▶ TASK BRIEF: Word for word, output the data, with none of its pictures.

DATASET CONTENT Start Marker

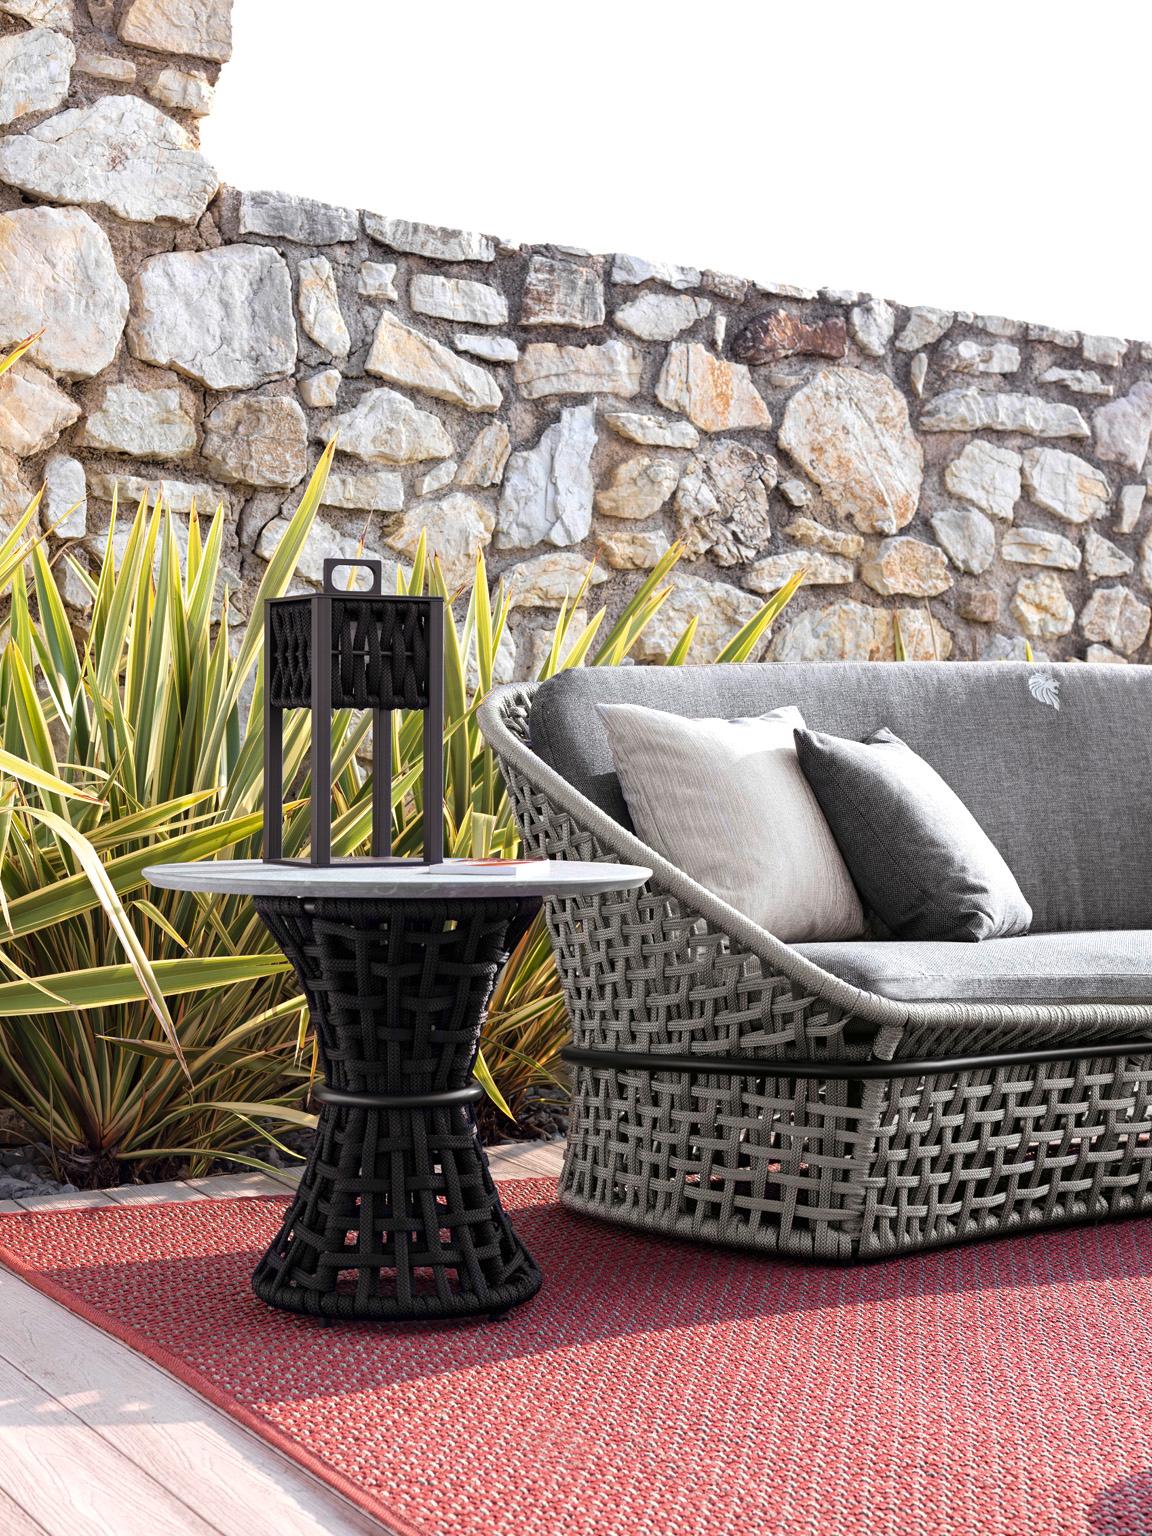 Giorgio Collection Dune Outdoor Garden Collection
Outdoor lamp end table in combination of satined black metal treated in cataphoresis and light grey woven cordage. 
Top in treated 
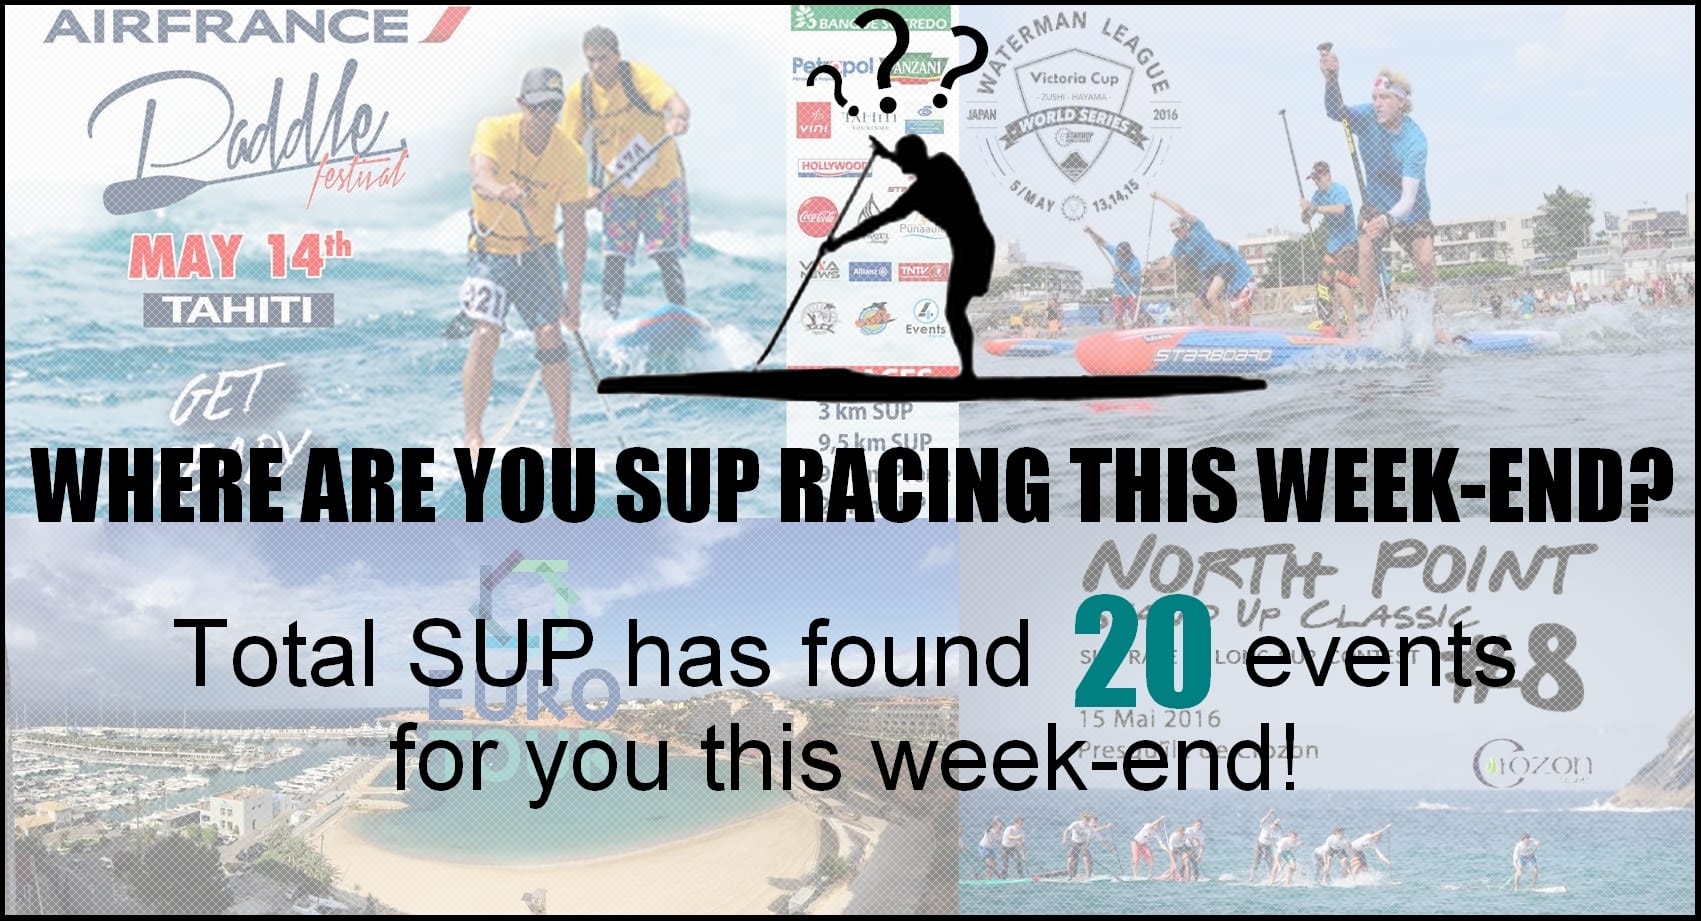 Where are you SUP racing this week-end?

DATASET CONTENT End Marker

▶ RESPONSE FOR THIS EXERCISE:
 Giorgio Collection Dune Outdoor Garden Collection
Outdoor lamp end table in combination of satined black metal treated in cataphoresis and light grey woven cordage. 
Top in treated 
 Where are you SUP racing this week-end?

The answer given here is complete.